The first near-term focus is whether passive buying around the Nasdaq-100 inclusion provides sustained support or becomes a “buy the rumour, sell the news” event.
The second focus is analyst coverage. As more banks initiate ratings after the IPO quiet period, price targets may create new swings in sentiment. A wider range of views could also increase volatility, especially if analysts disagree sharply on SpaceX’s AI, Starlink and launch-market assumptions.
The third focus is future share supply. Employee and early-investor lock-up expirations later this year could bring more shares into the market. If that happens after the initial index-buying demand fades, traders may need to watch whether liquidity remains strong enough to absorb additional selling pressure.
SpaceX’s Nasdaq-100 entry gives the stock a powerful short-term liquidity catalyst, but the event does not settle the broader valuation debate.

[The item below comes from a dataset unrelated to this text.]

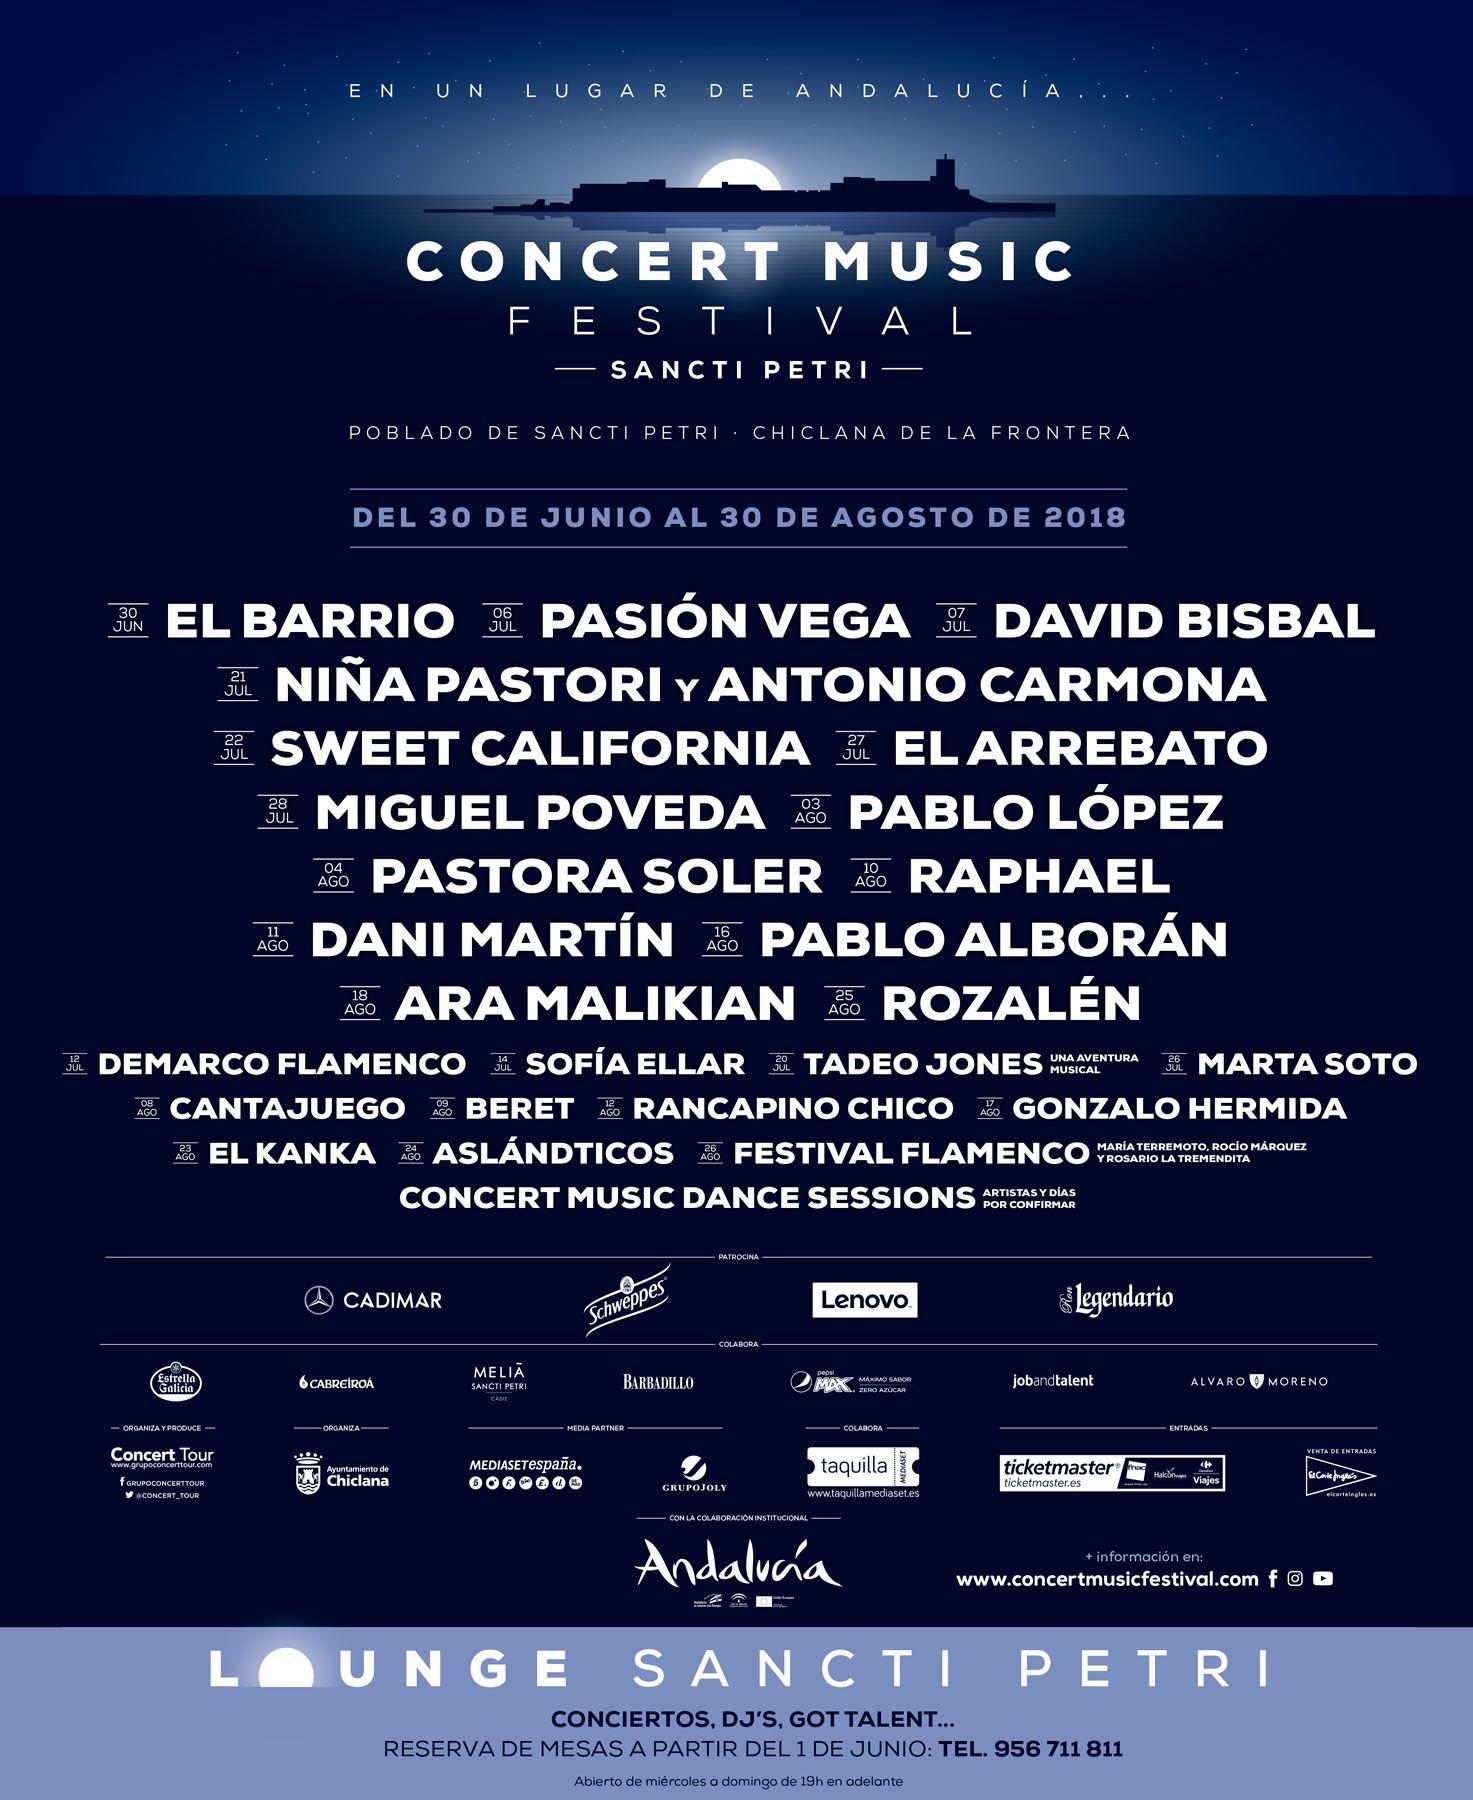 Sancti Petri musica verano

For bullish traders, index inclusion could deepen institutional ownership and reinforce SpaceX’s position as one of the most important public-market growth stories of 2026. For cautious investors, the combination of low float, heavy capital spending, analyst disagreement and future lock-up risk means volatility may remain elevated.
In the short term, SPCX price action will likely depend on how much of the passive-buying demand has already been priced in. Over the longer term, the market will shift back to fundamentals: Starlink growth, launch economics, AI infrastructure revenue, debt funding and the company’s path toward sustainable profitability.